Friday, July 3, 2009

A Crisis of Politics, Not Economics: Complexity, Ignorance & Policy Failure

Critical Review is publishing a special issue on the financial crisis. Economist Jeffrey Friedman writes in his introduction:
"...if we take seriously the possibility that market participants are making cognitive rather than incentives-based errors, the case for regulation loses considerable force."
"Indeed, what may have saved the world from complete economic chaos in 2008 was the fact that the regulations were loose enough that many investors and many bankers had resisted buying the "safe" securities that most banks seem to have bought. Heterogeneous behavior like that, however, is allowed for, encouraged, and rewarded by capitalism; and is either discouraged or prohibited by regulation, depending on how tight the regulations are."
Economist Arnold Kling interprets Friedman:
"Which is more vulnerable to catastrophic failure: a relatively unregulated system, in which participants pursue diverse strategies; or a strongly regulated system?
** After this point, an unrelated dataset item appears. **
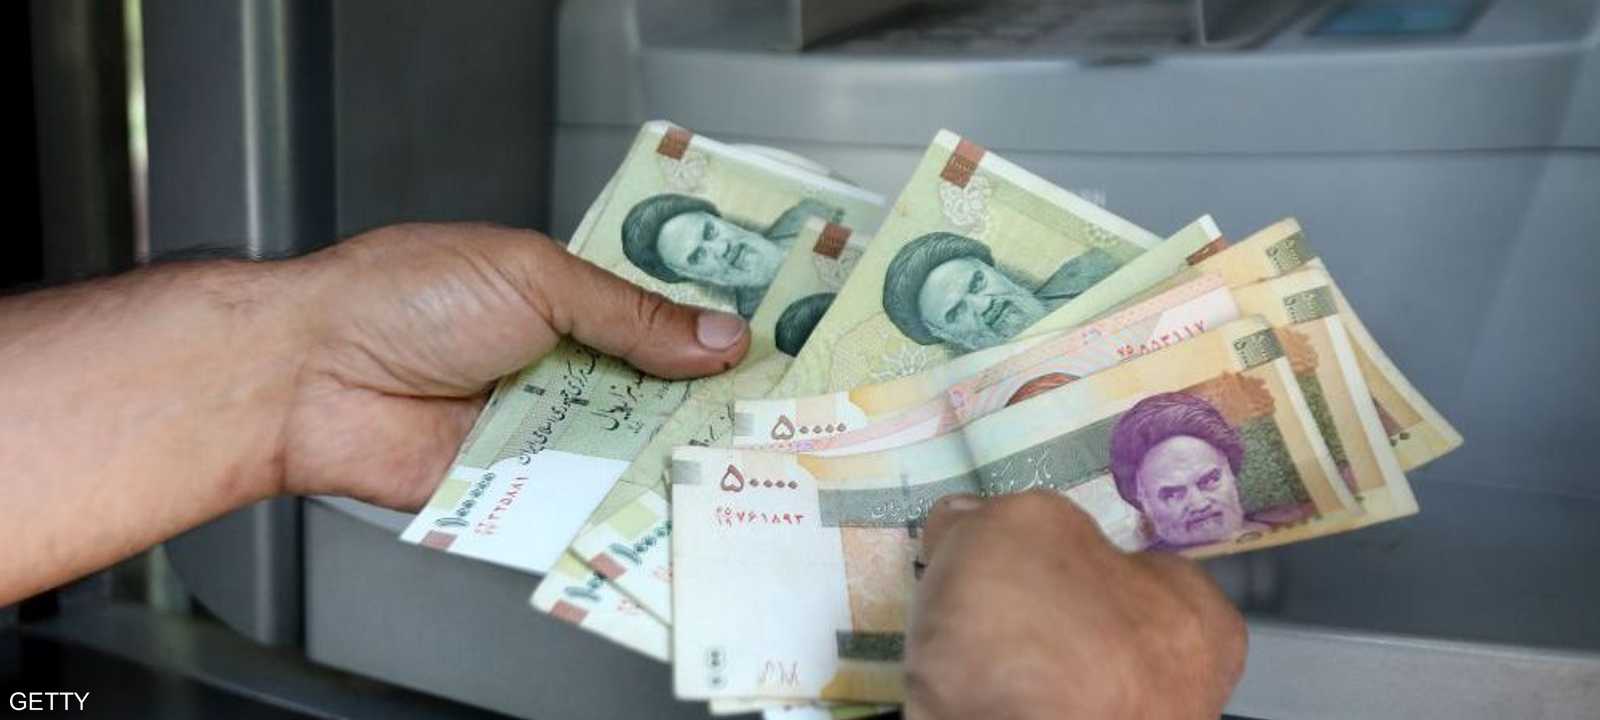 تراجعت العملة الإيرانية من مستوى 32 ألف ريال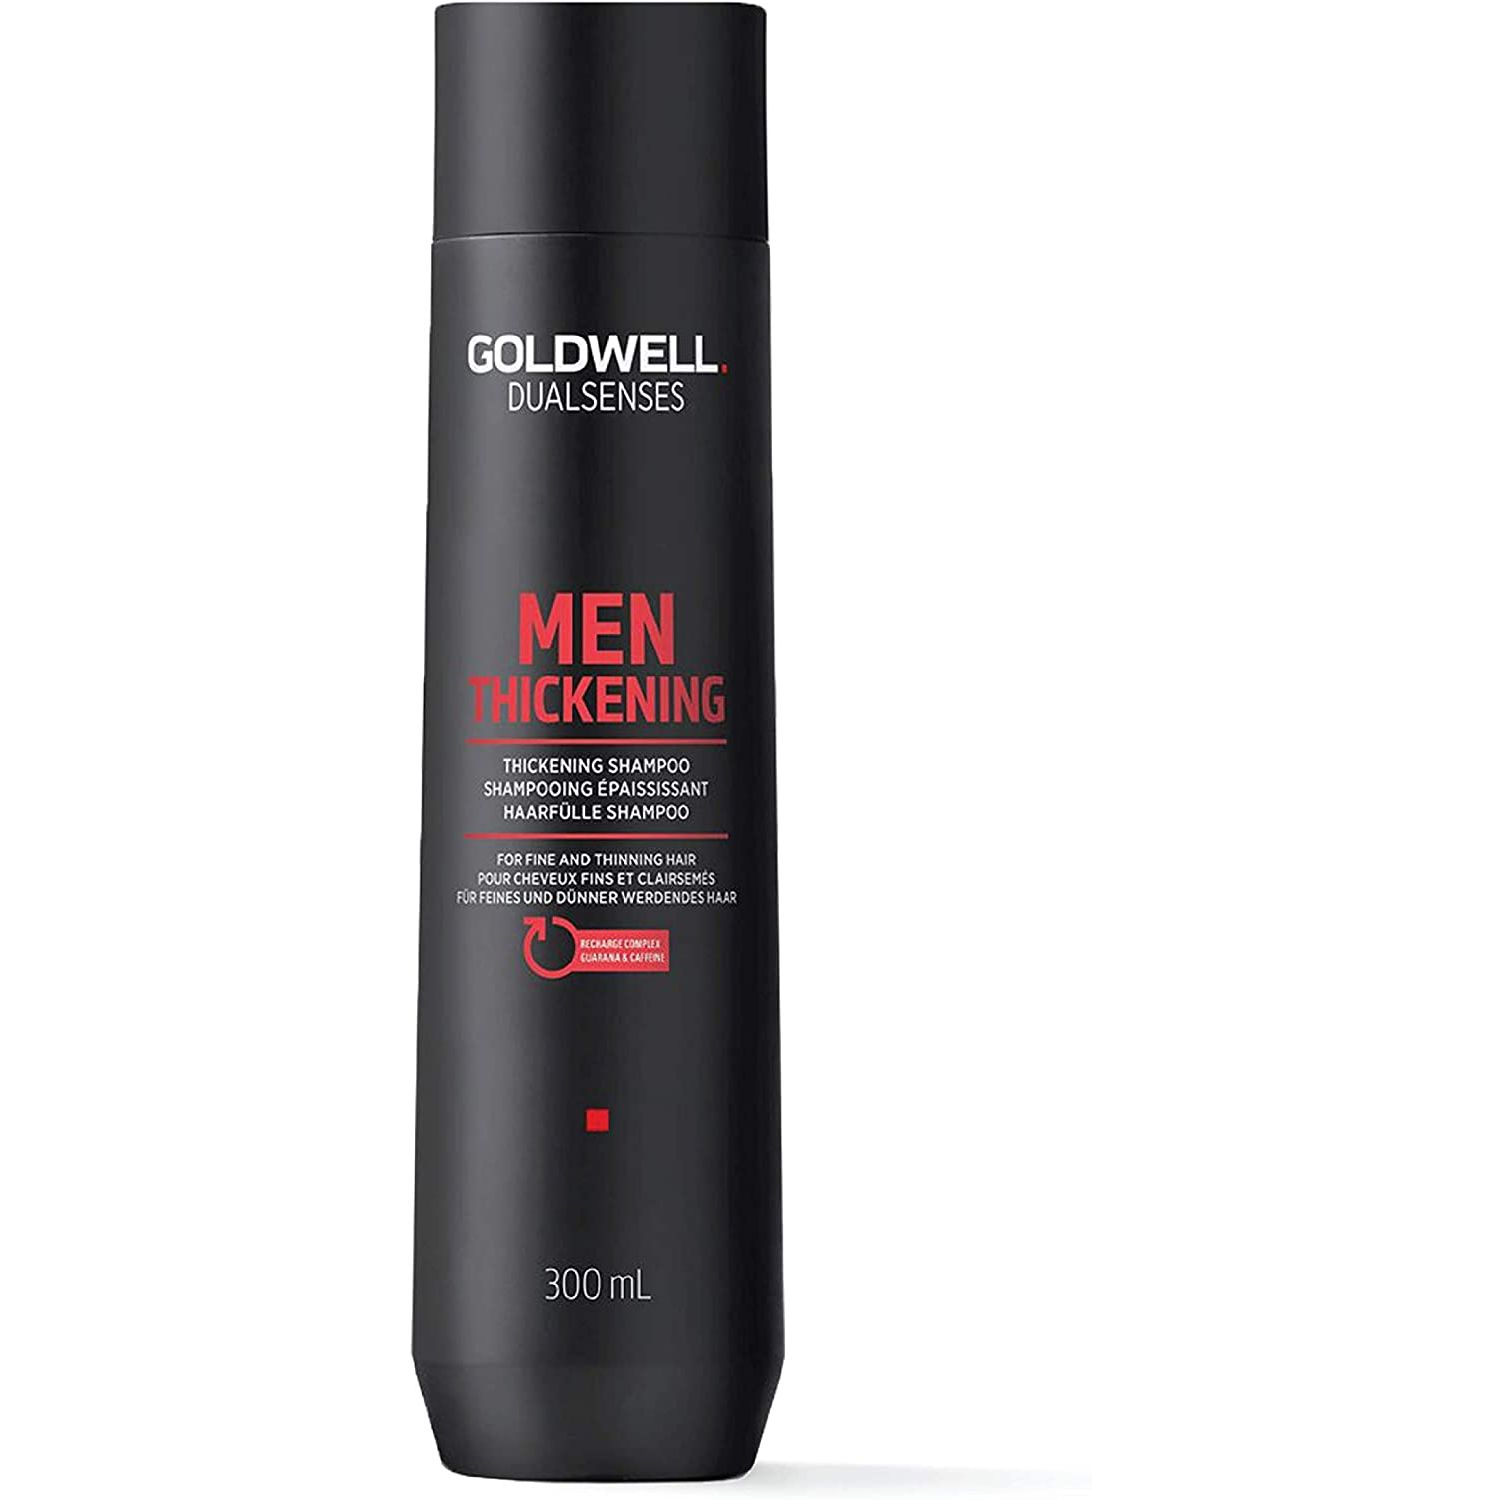 Укрепляющий шампунь для волос Goldwell 300 мл - купить в Космопрофи, цена на Мегамаркет

For Friedman, the latter is more vulnerable, because of the risk of promoting homogeneous behavior, so that one mistake affects everyone."

"All of us have our intellectual hobby horses. Friedman's hobby horse seems to be the existence of cognitive weakness or ignorance. He is constantly asking what happens if leaders have cognitive biases or information gaps. In general, I think when you take that problem seriously, you fear strong government."